I have this two spaces $$C_{\theta}=\{u\in C(\overline{\Omega}), \sup (|x|^{\theta} |u(x)|)<\infty\}$$ with the norm $\displaystyle\|u \|_{\theta}=\sup_{\Omega}(|x|^{\theta} |u(x)|)$

and $$L_{1}^{p^*}=\{u ~~\text{measurable};~~\int_{\Omega} (|x|\cdot|u(x)|)^{p^*} dx<\infty\}$$ with the norm $\|u\|_{L^{p^*}_{1}}^{p^*}=\int_{\Omega} (|x|\cdot|u(x)|)^{p^*}dx$

Where $\Omega\subset\mathbb{R}^N$ is bounded with $0\in \Omega$ and $\theta>\frac{N}{p}>1,$ $p^*=\frac{pN}{N-p}$ and $N>p.$

I need a counter example to say that $C_{\theta}$ is not continuously embeded in $L^{p^*}_{1}$, so i'm searching a function which is in $C_{\theta}$ but not in $L^{p^*}_1$

Or a sequence $u_n$ which converge to $u$ un $C_{\theta}$ but not in $L^{p^*}_{1}$

Please help me thank you

Answer 1

Let's try a canonical test function, $u(x)=|x|^\alpha$ and see if some value of $\alpha$ works.
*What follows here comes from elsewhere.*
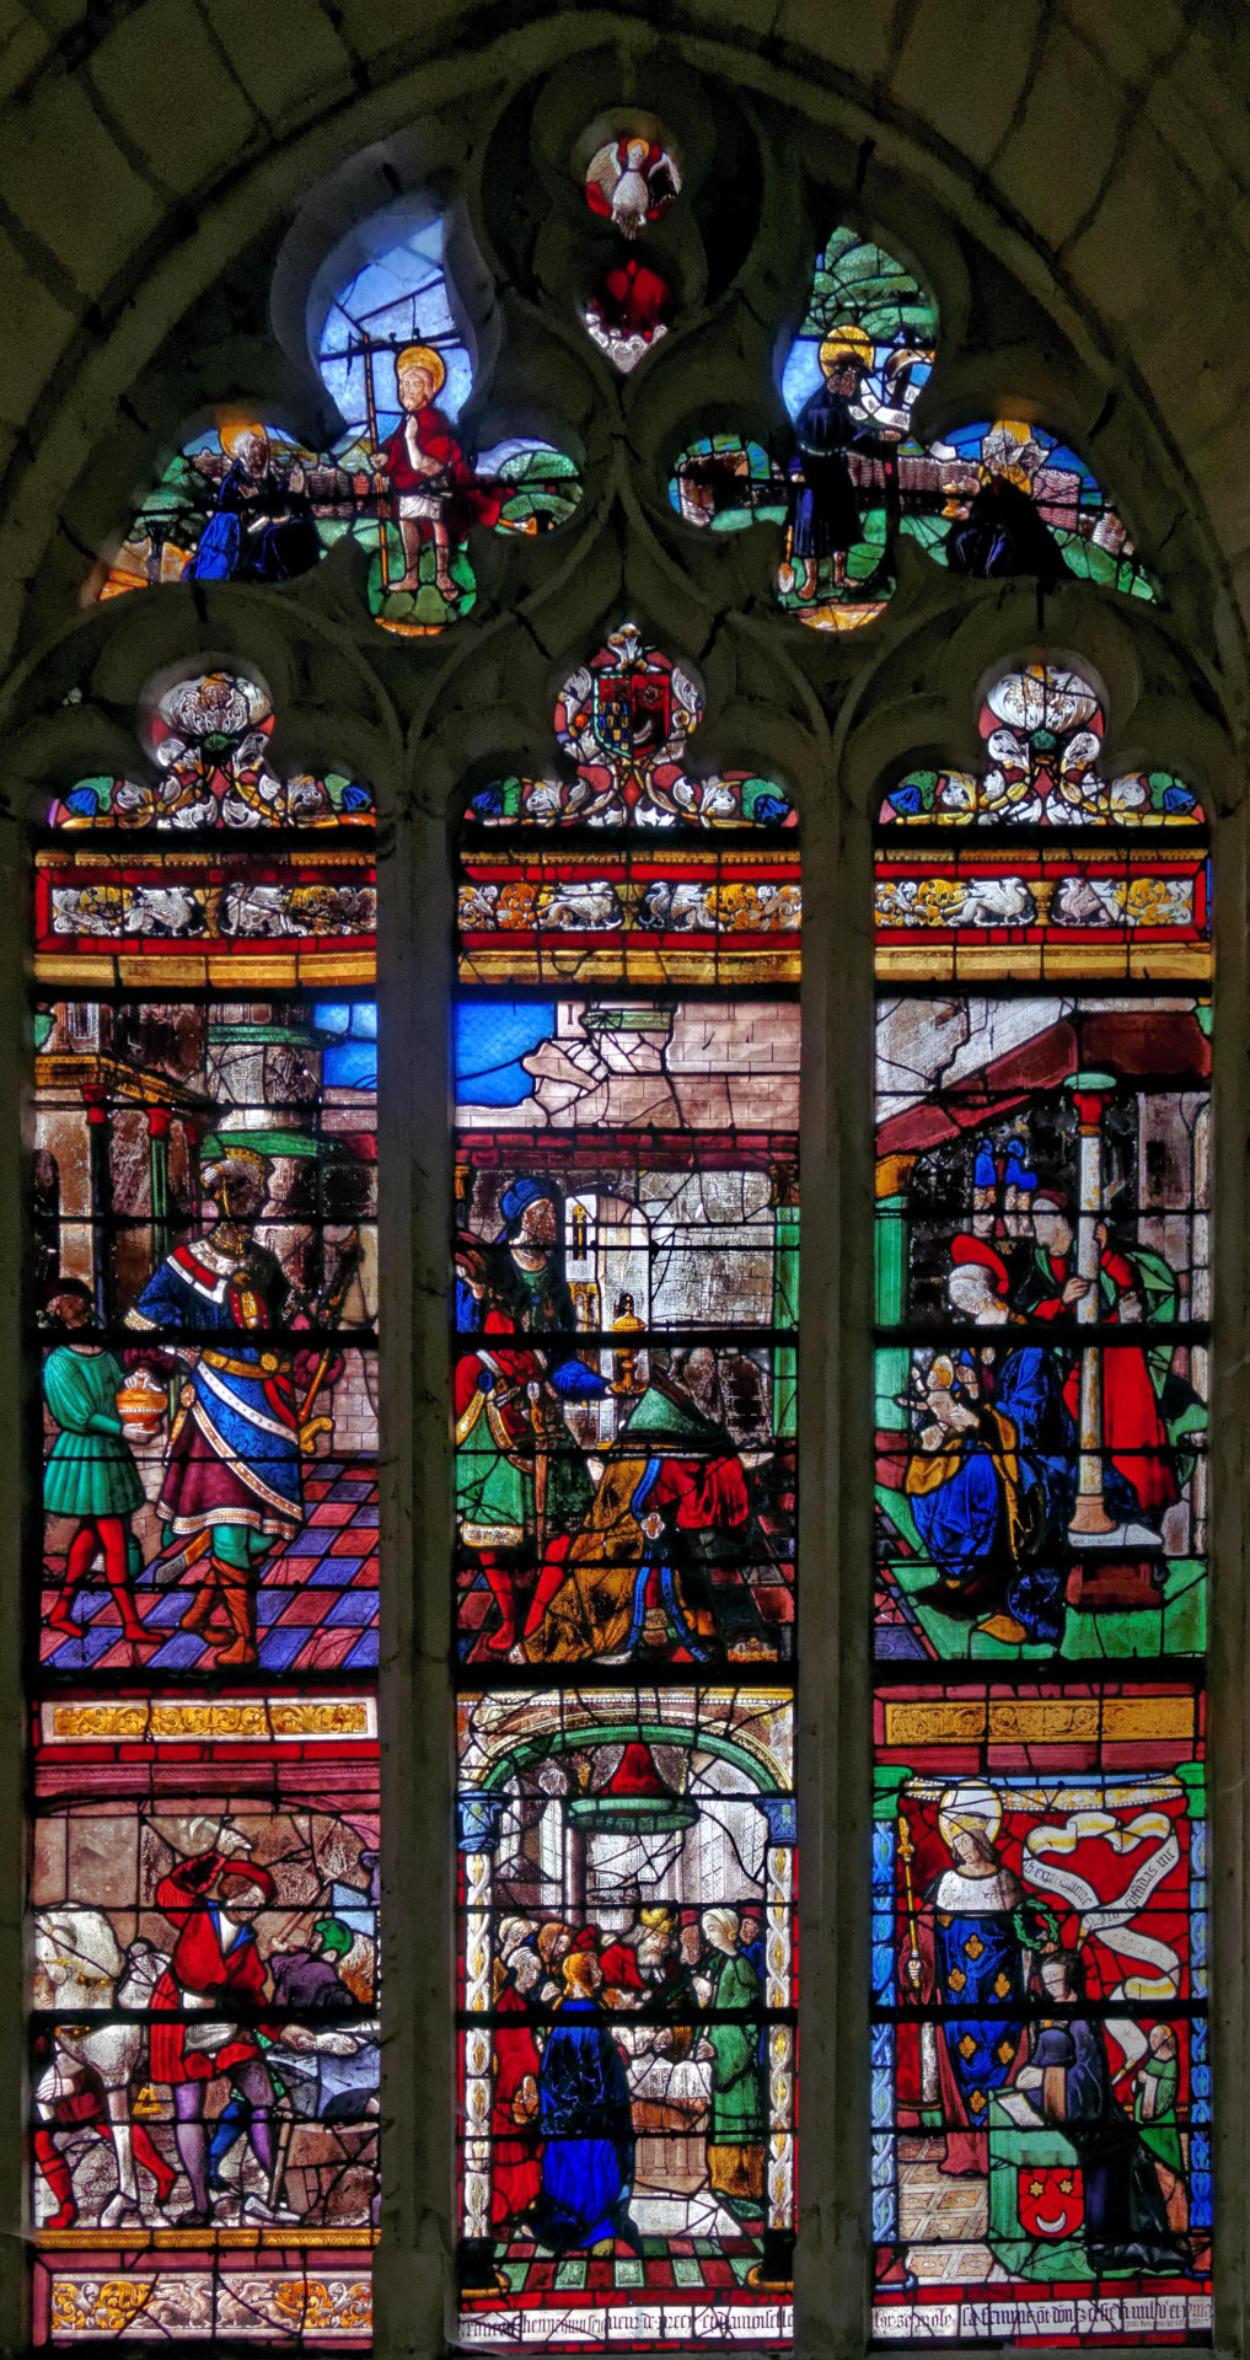 Vitrail vitraux de l 39 glise saint aventin creney pr s for Creney pres troyes

Suppose $\Omega=B(0,1)$. Then $$ \sup_{x\in\Omega}|x|^\theta|u(x)|=1\tag{1} $$ as long as $\alpha+\theta\ge0$. $$ \int_\Omega|xu(x)|^{p^*}\,\mathrm{d}x =\omega_{N-1}\int_0^1r^{(1+\alpha)p^*}r^{N-1}\,\mathrm{d}r\tag{2} $$ which is finite when $0\lt(1+\alpha)p^*+N=N\left[\frac{(1+\alpha)p}{N-p}+1\right]$. This is equivalent to $$ \frac{(1+\alpha)p}{N-p}\gt-1\iff\alpha\gt-\frac Np\tag{3} $$ For a counterexample, we would need $$ -\theta\le\alpha\le-\frac Np\tag{4} $$ Since $\frac Np\lt\theta$ by hypothesis, we can find an $\alpha$ strictly between $-\theta$ and $-\frac Np$. Thus, for $\alpha$ satisfying $(4)$, $u=|x|^\alpha$ and $\Omega=B(0,1)$ satisfy $(1)$, yet fail to have $(2)$ converge.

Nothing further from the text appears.